The deficit had worsened in the wake of the Covid pandemic — shot up to 9.2% of GDP — but since then the government has been able to bring it down each year. In the current year, the government had set a target of 5.9% and revised estimates show it is likely to be even lower at 5.8%. Further, the FM has announced similarly ambitious targets for FY25 — at 5.1% of GDP— and FY26 — at 4.5% of GDP.
This is a welcome achievement because it is likely to bring down the cost of borrowing for the private sector.
5. Skill Development and Education
Continuing with the focus on the empowerment of the youth, the budget places a strong emphasis on skill development and education, recognising the role of a skilled workforce in driving economic growth. The Government has allocated funds to enhance vocational training programmes, promote digital literacy, and establish centres of excellence.

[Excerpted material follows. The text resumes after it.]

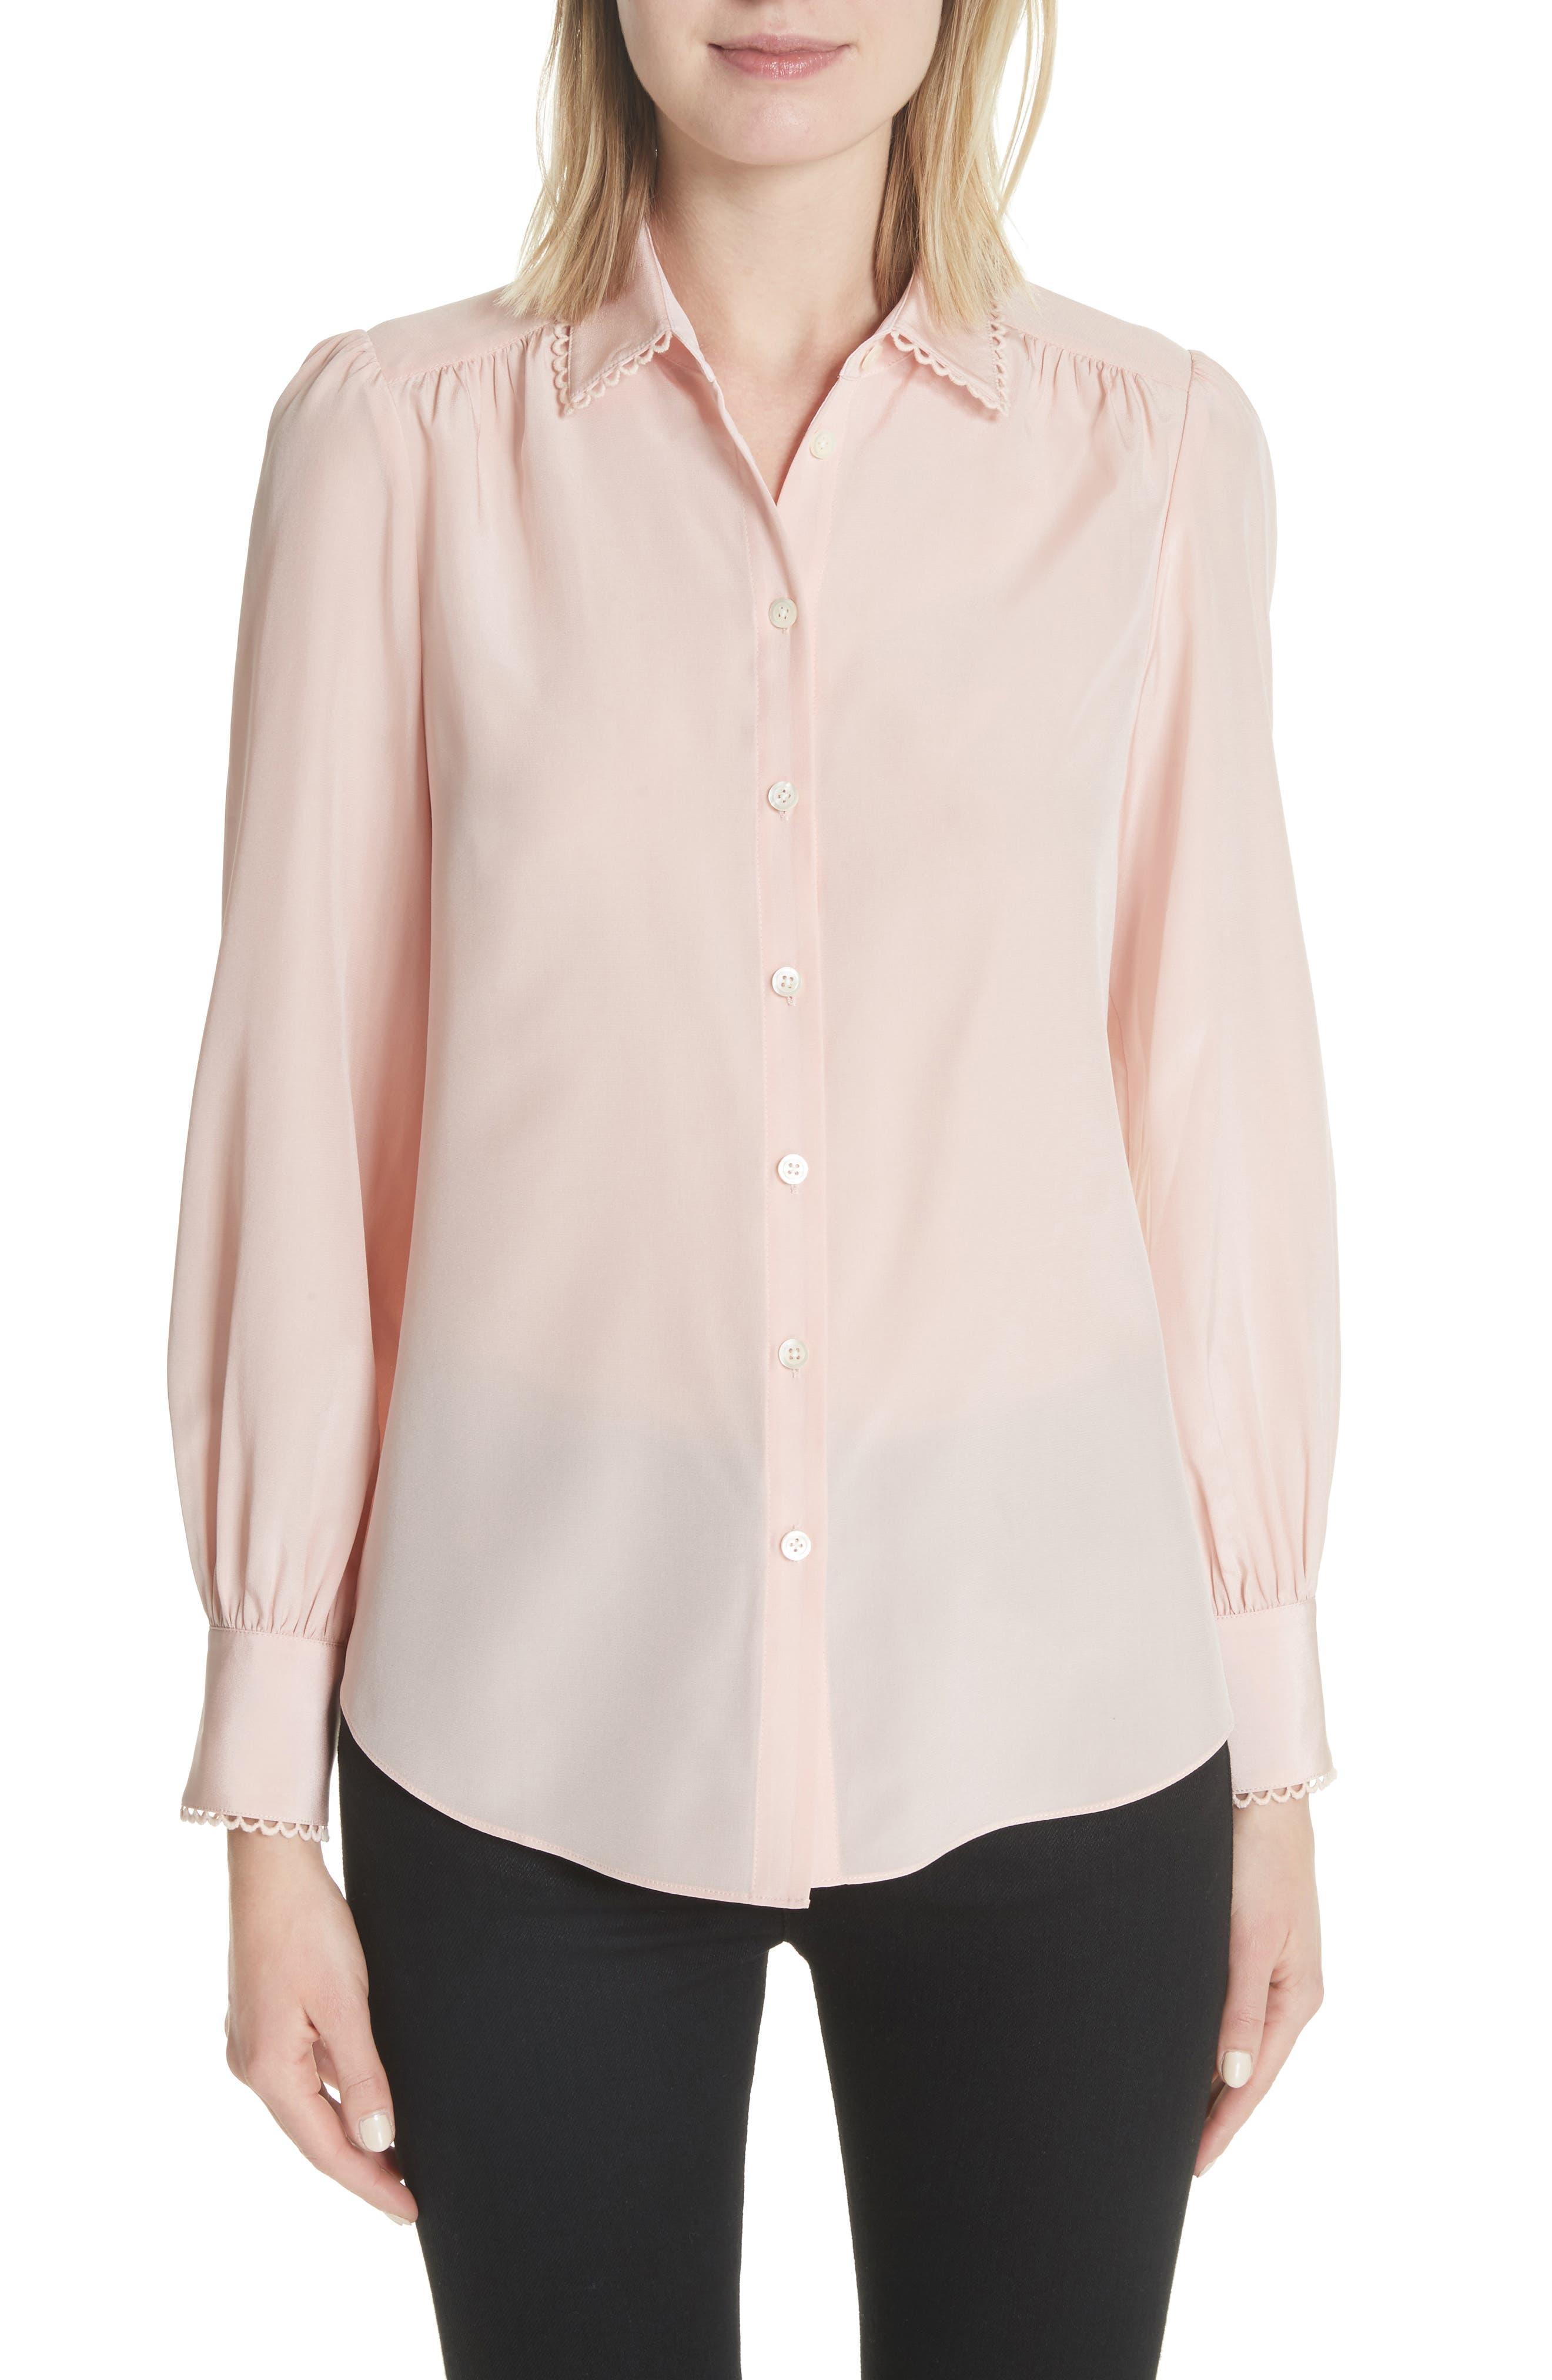 KATE SPADE NEW YORK,                             scallop trim silk shirt,                             Main thumbnail 1, color,                             663

6. Sustainable Development and Green Initiatives
In line with global sustainability goals and its commitment to meet the net zero commitments, the Interim Union Budget 2024 emphasises sustainable development and green initiatives. The Government has allocated funds for renewable energy projects, waste management, and pollution control measures.
7. Tax proposals
While the Finance Minister did not propose any significant changes relating to taxation, she announced that over the last 10 years, tax collections have more than doubled. There were announcements on the extension of sunset dates for certain tax benefits to start-ups, investments made by sovereign wealth funds/pension funds and some International Financial Services centre units from 1st April 2024 to 31st March 2025. On the other hand, the sunset date of 31 March 2024 applicable for claim of concessional tax rate by a new domestic manufacturing company has not received any extension.

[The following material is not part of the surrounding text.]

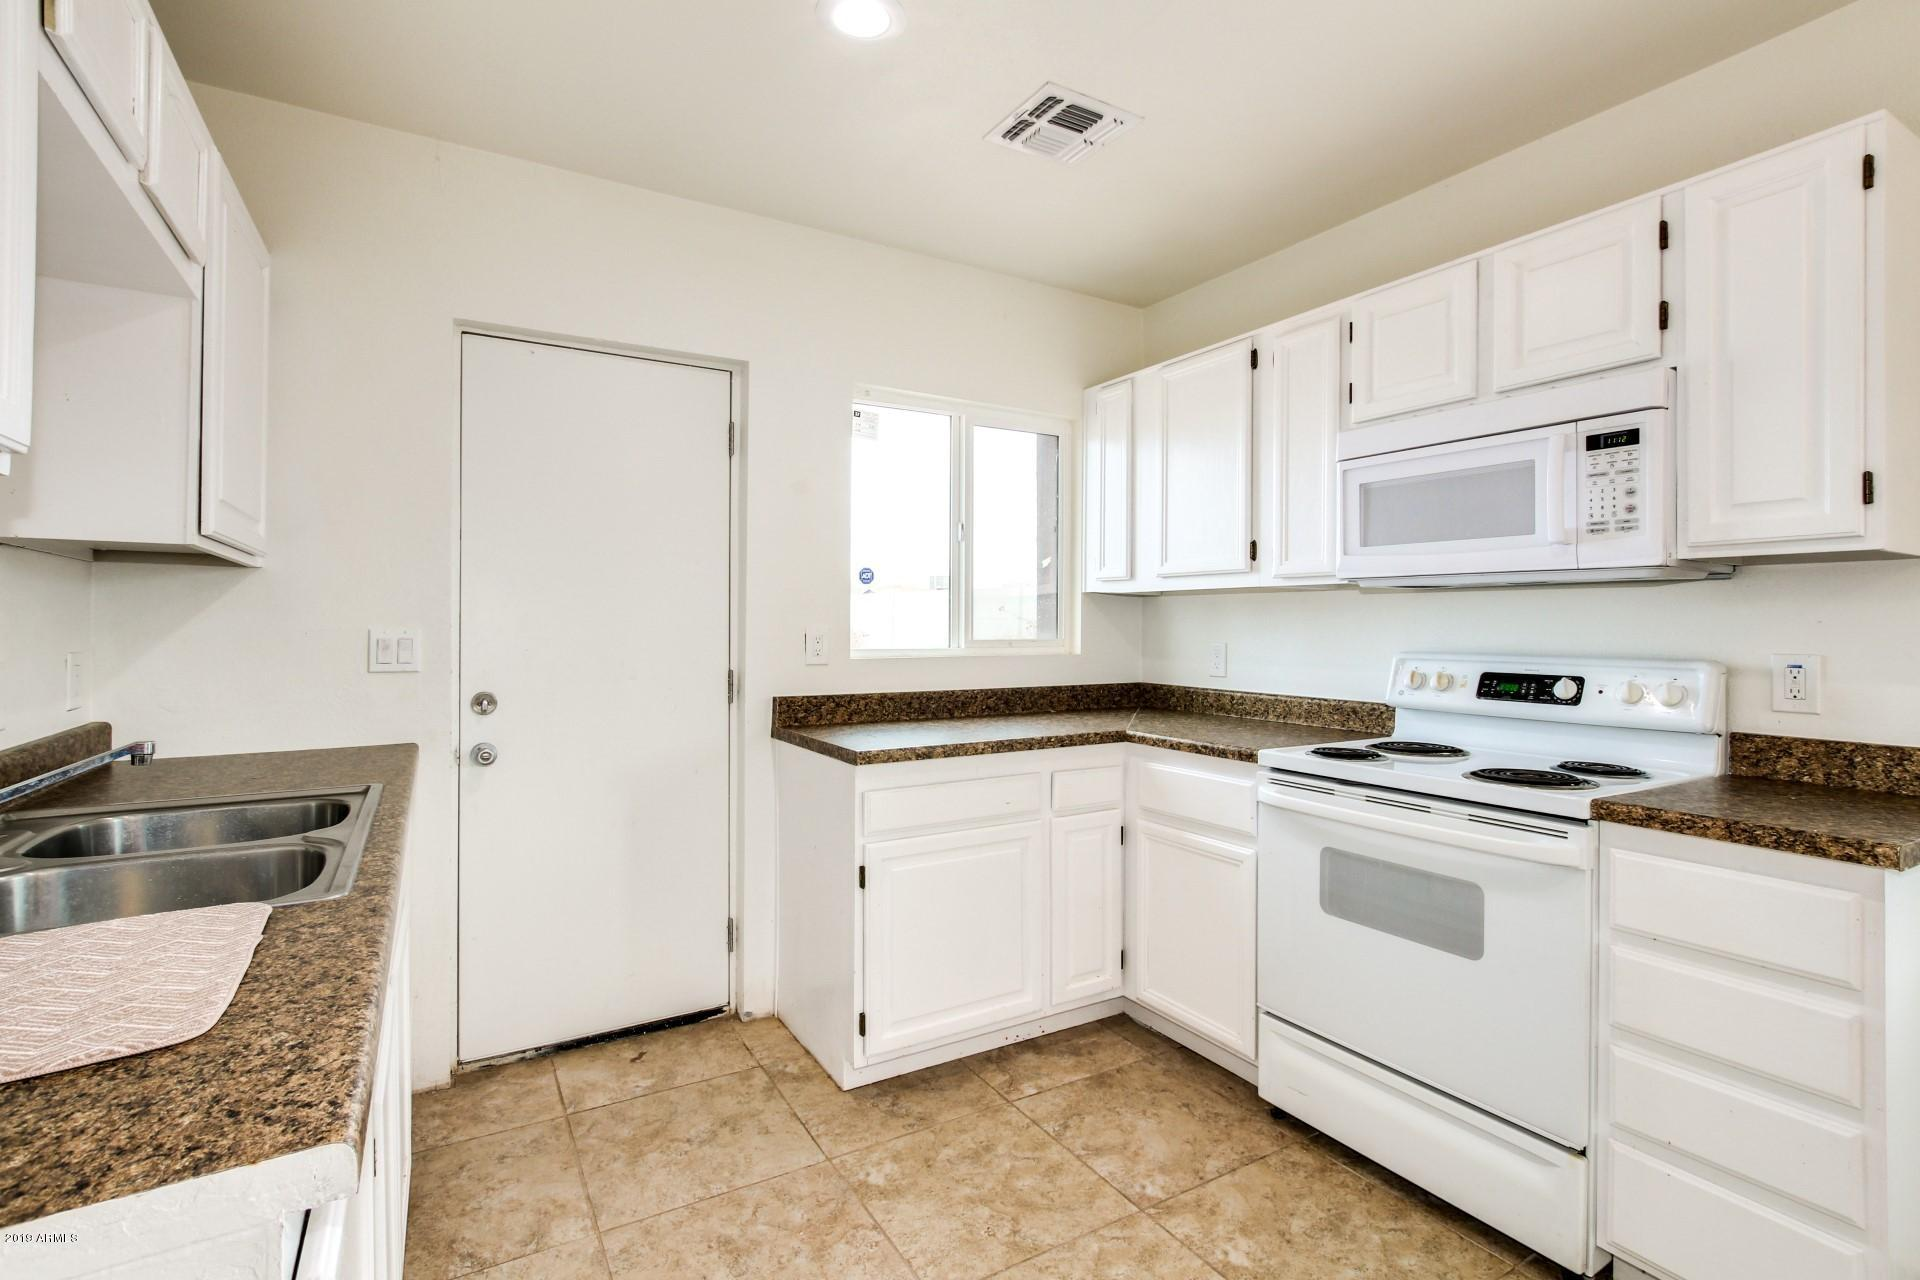 MLS 5878221 798 E DETROIT Street, Chandler, AZ 85225 Affordable

The provisions relating to Tax Collection at Source on remittance under the ‘Liberalised Remittance Scheme’ and payment for overseas tour program package have been rationalised.
- Solarization Scheme
Through roof-top solarize pannels, 10 million households will be enabled to obtain up to 300 units of free electricity every month. This scheme follows the resolve of the Prime Minister on the historic day of the consecration of Shri Ram Mandir in Ayodhya, said FM Nirmala Sitharaman.
- GST
On the GST front, continuing its focus to encourage voluntary compliances / registrations, input Service Distributor mechanism has been made mandatory for distribution of input tax credit, and penalty provisions are proposed to be introduced for failure to register certain machines used in manufacture of specified tobacco-based goods.

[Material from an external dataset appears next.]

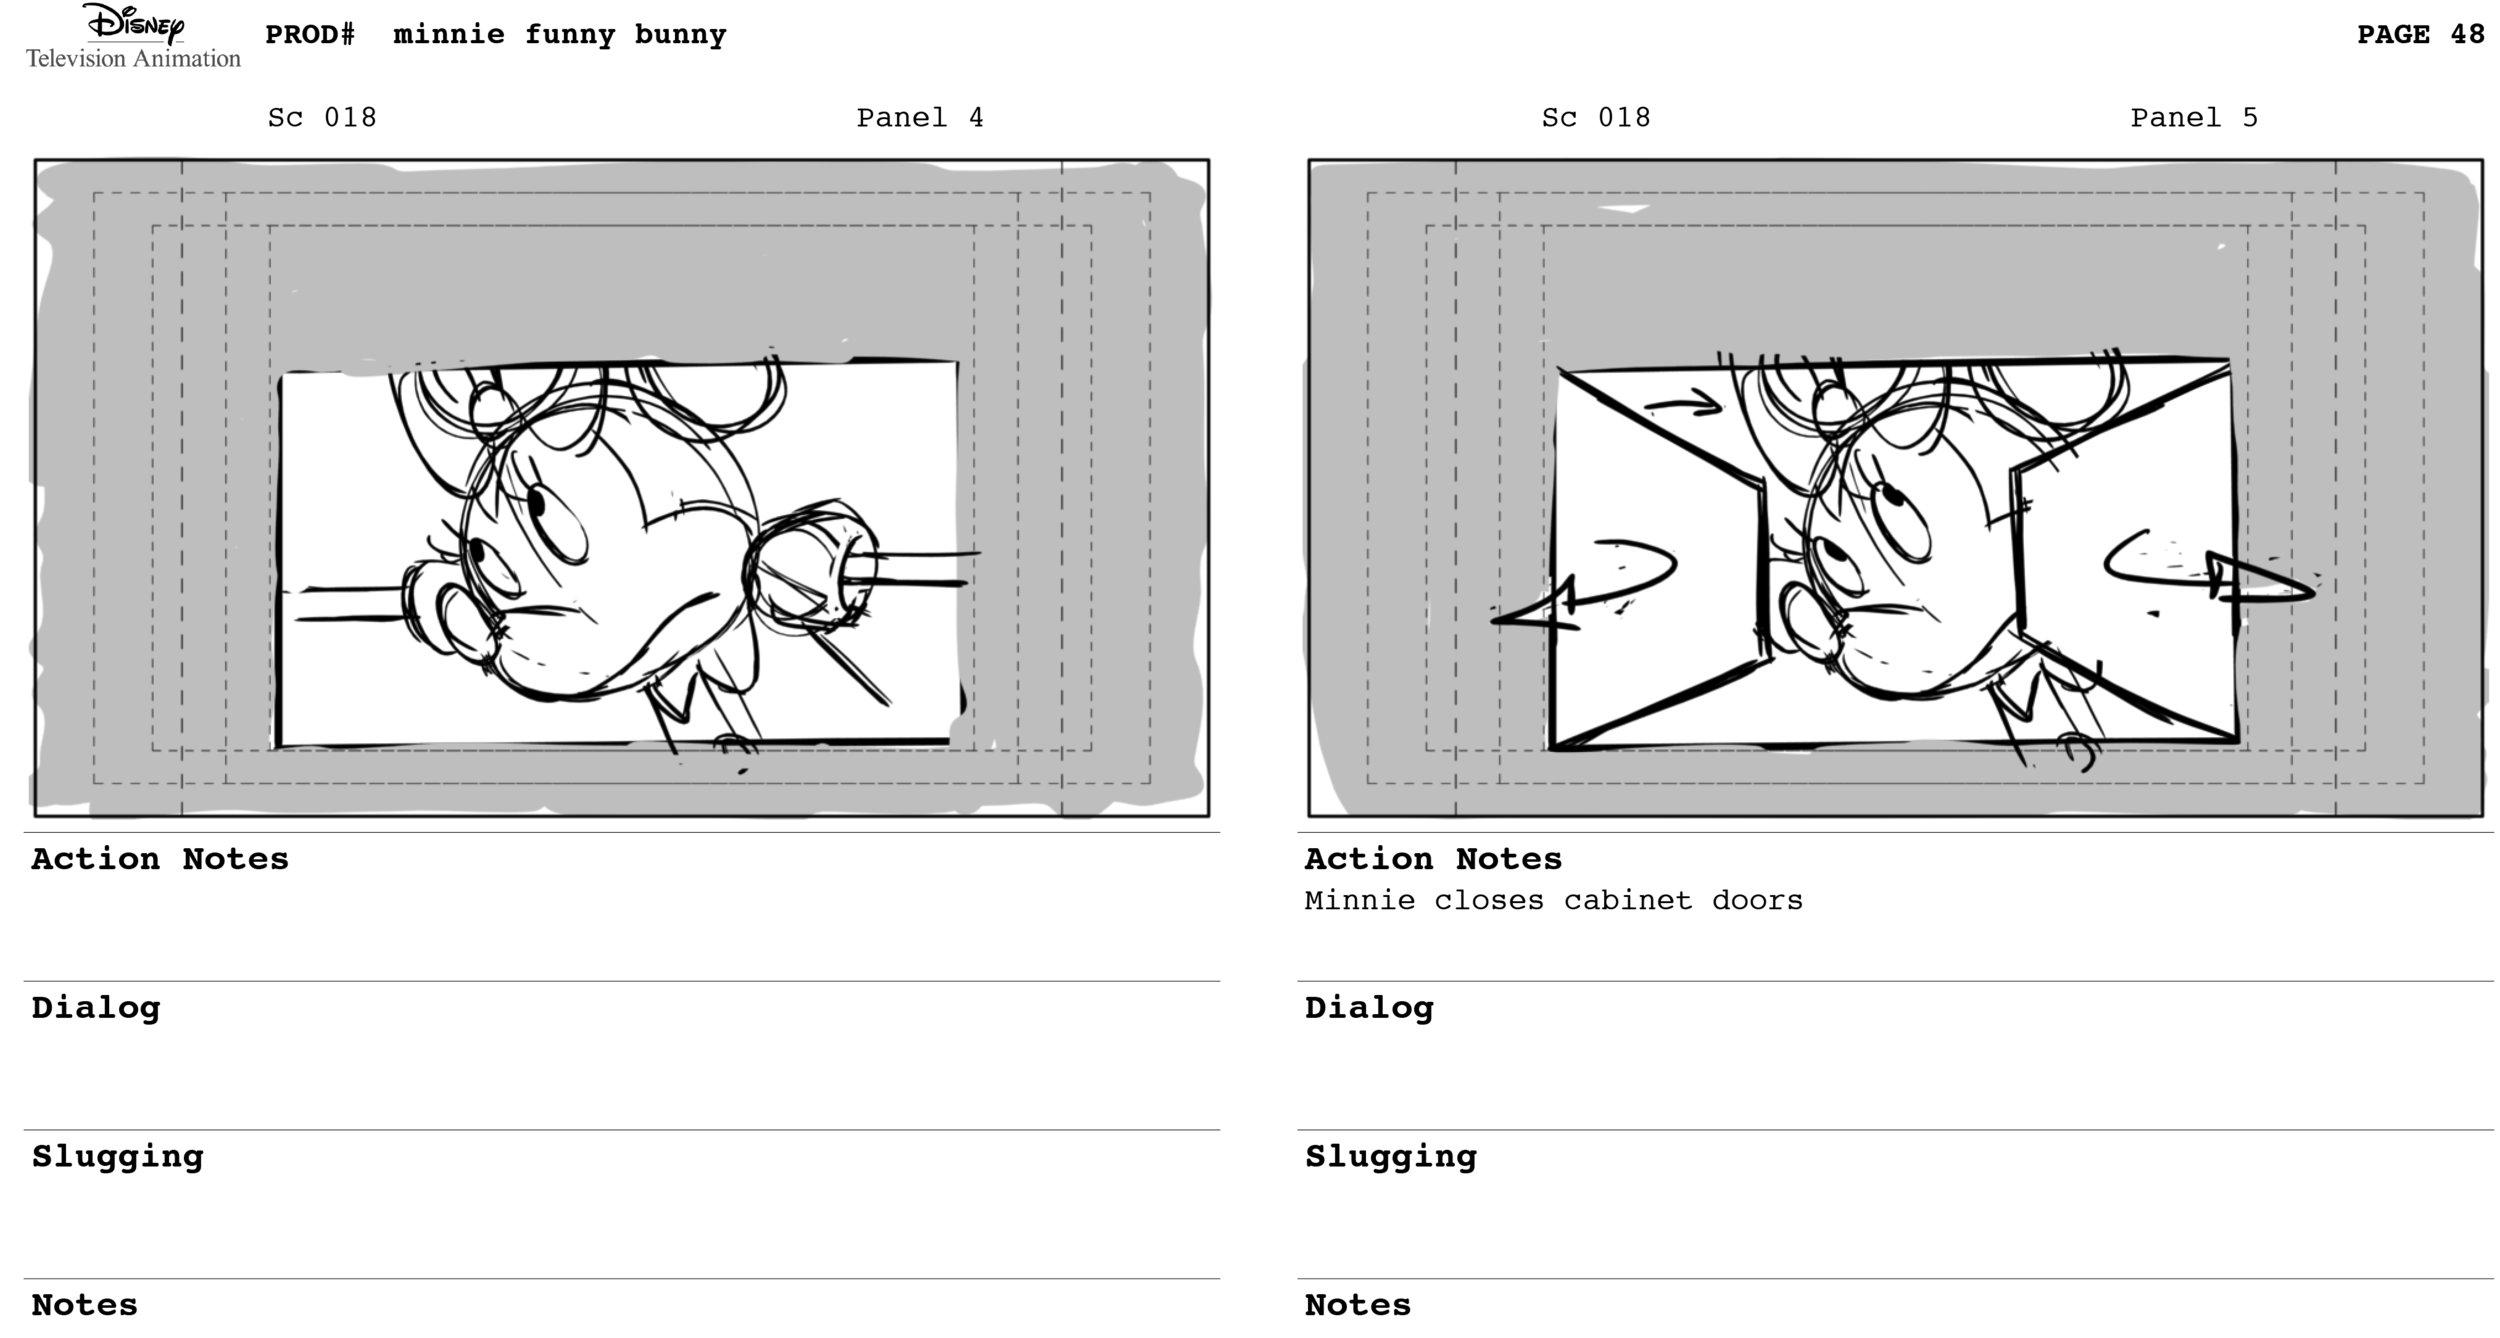 Funny_Bunny-49.jpg

10 Income Tax is biggest income generator
Traditionally, the biggest chunk in the government’s financial resources comes from market borrowings. Among the genuine income generators, it is the indirect taxes and the corporate tax that provide the most money. But budget estimates for the next financial years show that income tax collections will be the top contributor (after borrowings).
The Budget documents suggest that income tax revenues will account for 19% of all government resources in FY25. Corporate tax will account for 17%, GST for 18% and borrowings for 28%.
All in all, the Interim Union Budget 2024 sets a positive tone, with its focus on infrastructure development, research and development, skill development, and sustainable initiatives.